The human soul possesses, besides the foregoing functions, the power of conceptual thought, the faculty of thinking the universal and necessary essences of things; as the soul perceives sensible objects in perception, so, as reason , it beholds concepts. Reason is, potentially, whatever it can conceive or think; conceptual thought is actualized reason. How does reason come to think concepts . There is active or creative reason and passive reason: Creative reason is pure actuality; in it concepts are realized, it sees them directly, here thought and the object of thought are one, it is like Plato’s pure soul, which contemplates the world of ideas. In passive reason concepts are potential (it is likened to Aristotle’s matter: passive reason is the matter on which creative reason, the form, acts) ; they are made real or actual, or brought out, by creative reason.

According to Aristotle’s teaching, nothing can ever become actual for which an actual cause does not already exist. Thus, for example, a complete form or idea exists which the matter of a particular organism has to realize. Similarly, he assumes here, a complete form must exist in reason for reason to realize. In order to carry out this thought in the mental world; he distinguish between the formal and material phases of reason, between active and passive reason, actual and potential reason: the concepts which are potential in passive reason are actual in creative reason.

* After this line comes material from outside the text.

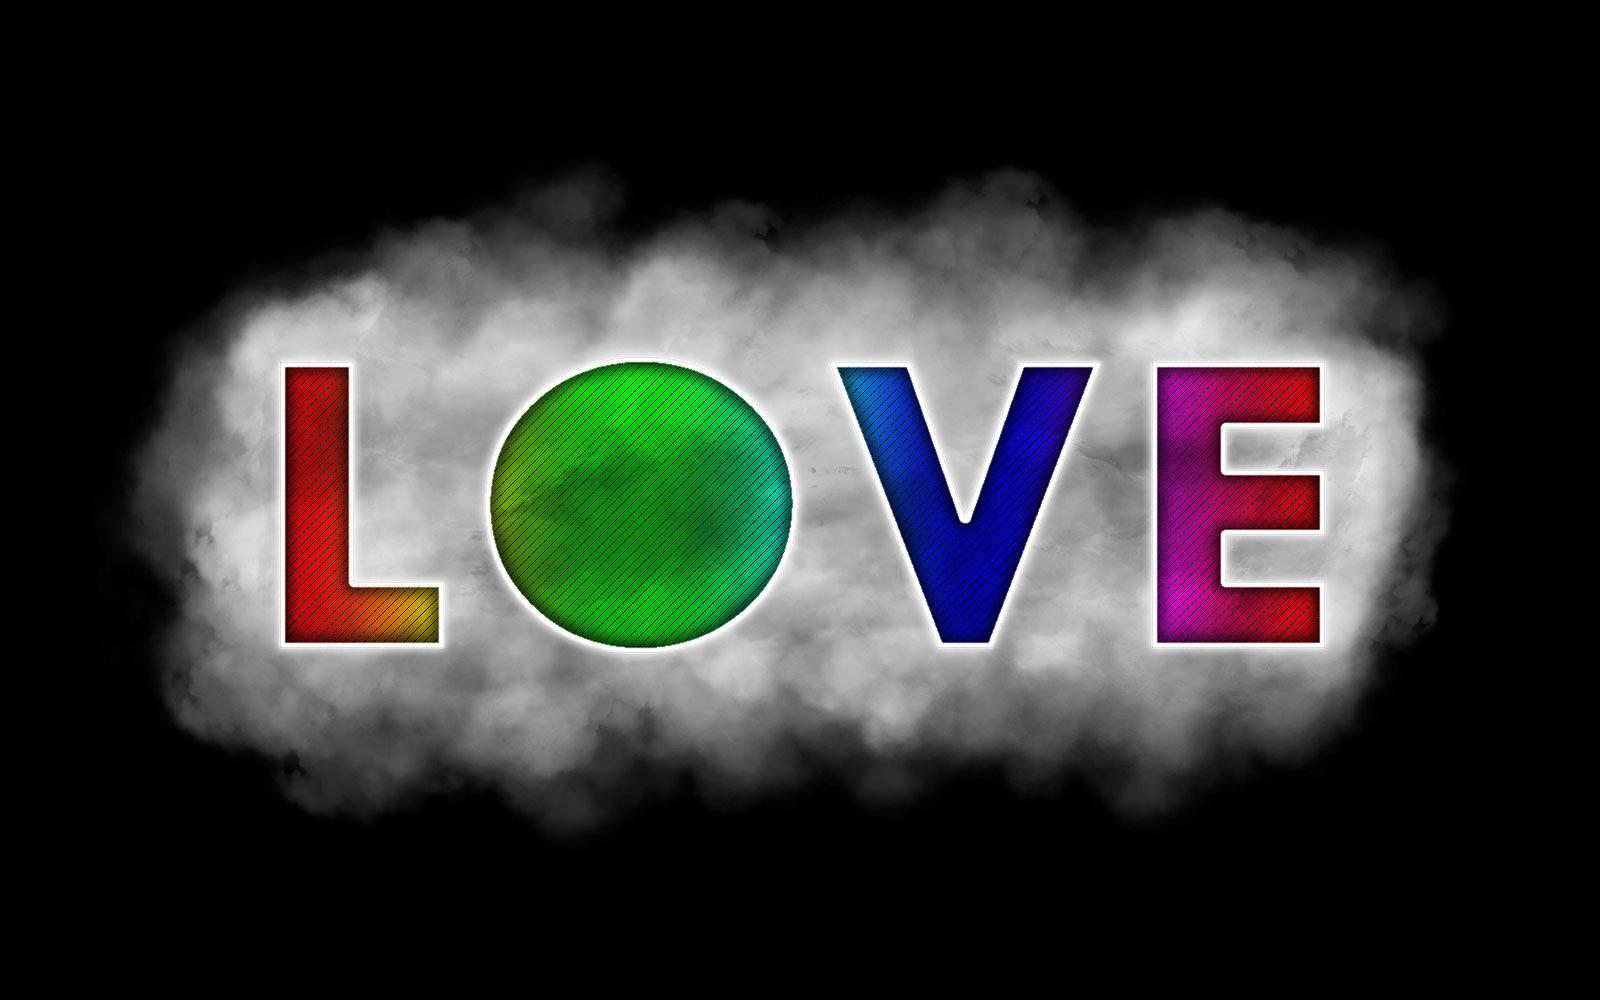 http://3.bp.blogspot.com/-wGC464XdmhY/UFRAGYL_ywI/AAAAAAAAB5o/k-OpUaS07ok/s1600/hd-zwarte-wallpaper-met-de-tekst-love-hd-liefde-achtergrond.jpg
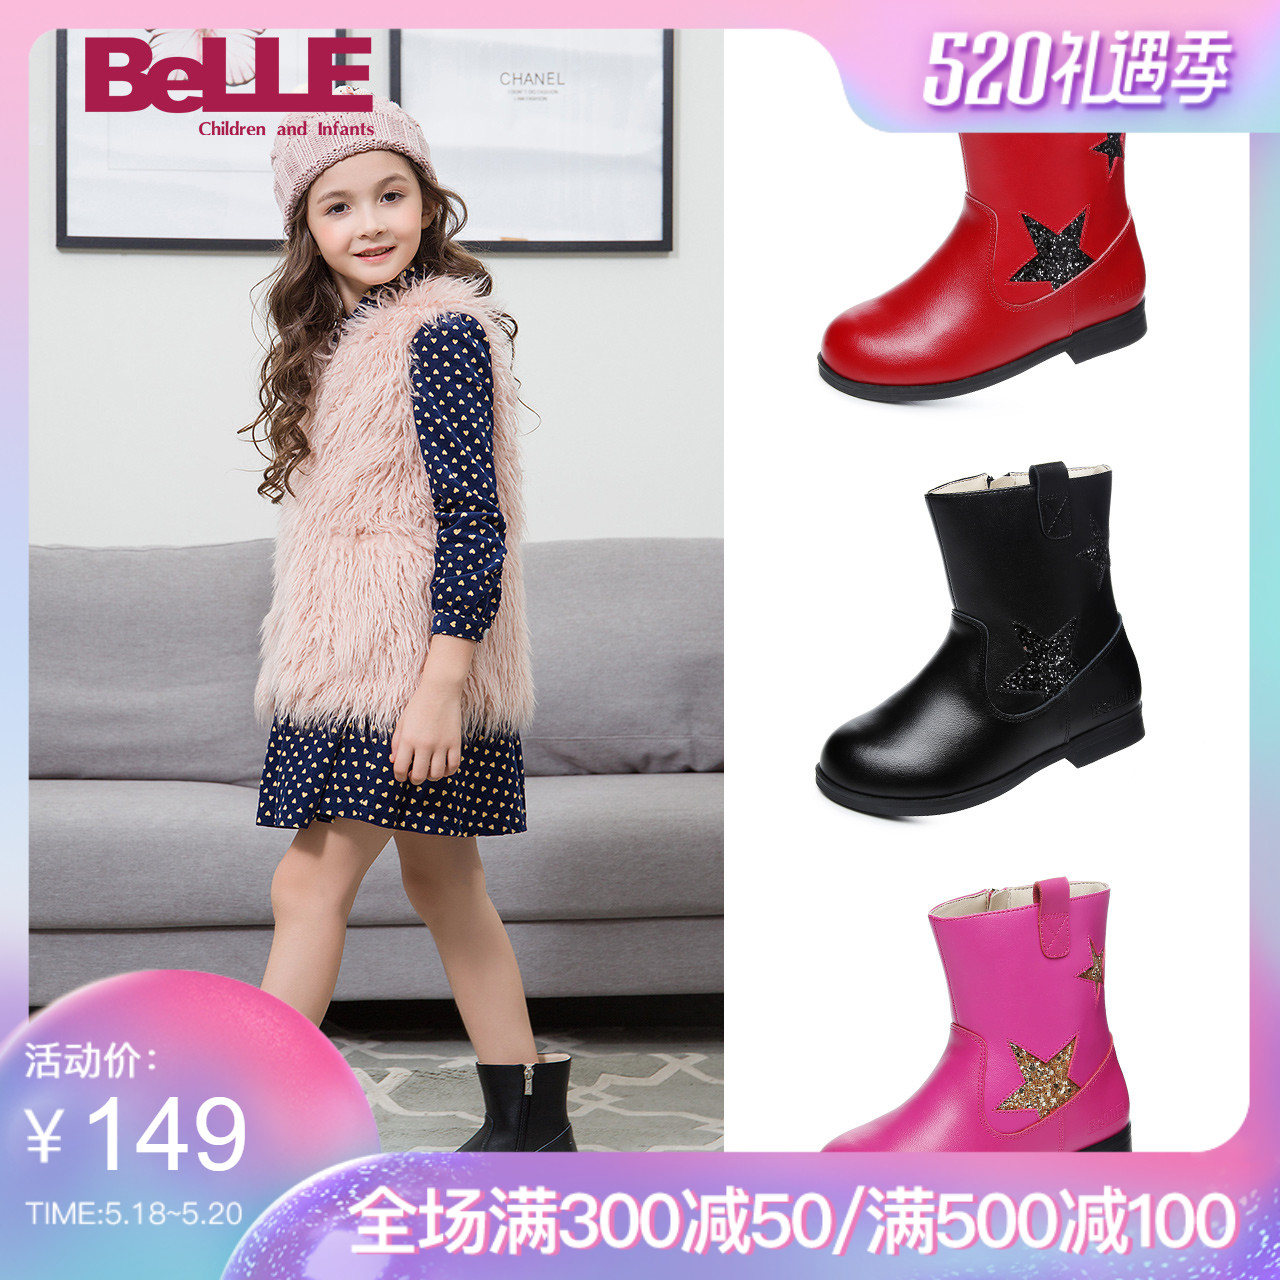 百丽童鞋女童中筒靴2018冬新款儿童侧拉链加绒保暖平跟中童靴子

Perception, imagination, and memory are connected with the body and perish with it. Passive reason, too, contains elements of sensuous images and is perishable. Such images are the occasion for the arousal of concepts in passive reason, but these cannot be aroused without the action of creative reason. Creative reason existed before soul and body ; it is absolutely immaterial, imperishable, not bound to a body, and immortal. It is a spark of the divine mind coming to the soul from without , as Aristotle says; it does not arise in the course of the soul’s development, as do the other psychic functions. Since it is not an individual reason, personal immortality is evidently out of the question. Some interpreters of Aristotle identify it with universal reason or the mind of God.

Logic

Logic, is an introduction to philosophy The function of logic is to describe the method of reaching knowledge. Aristotle was the first to work it out in detail, and to make a special discipline of it. He is the founder of scientific logic. He considers it an important instrument for the acquisition of genuine knowledge, and holds that we should not proceed to the study of the first philosophy, or the science of the essence of things, until we have familiarized ourselves with the Analytics.

Process of logic

The theme of logic is the analysis of the form and content of thought, of the processes by which we reach knowledge ; it is the science of correct thinking. Thinking consists in reasoning, or scientific demonstration, in deriving the particular from the universal, the conditioned from its causes. Inferences are composed of judgments, which, when expressed in language, are called propositions; judgments are made up of concepts, which are expressed in terms. Aristotle discusses the nature and different kinds of judgments, the various relations in which they stand to one another, and the different kinds of demonstration, defining and classifying these processes.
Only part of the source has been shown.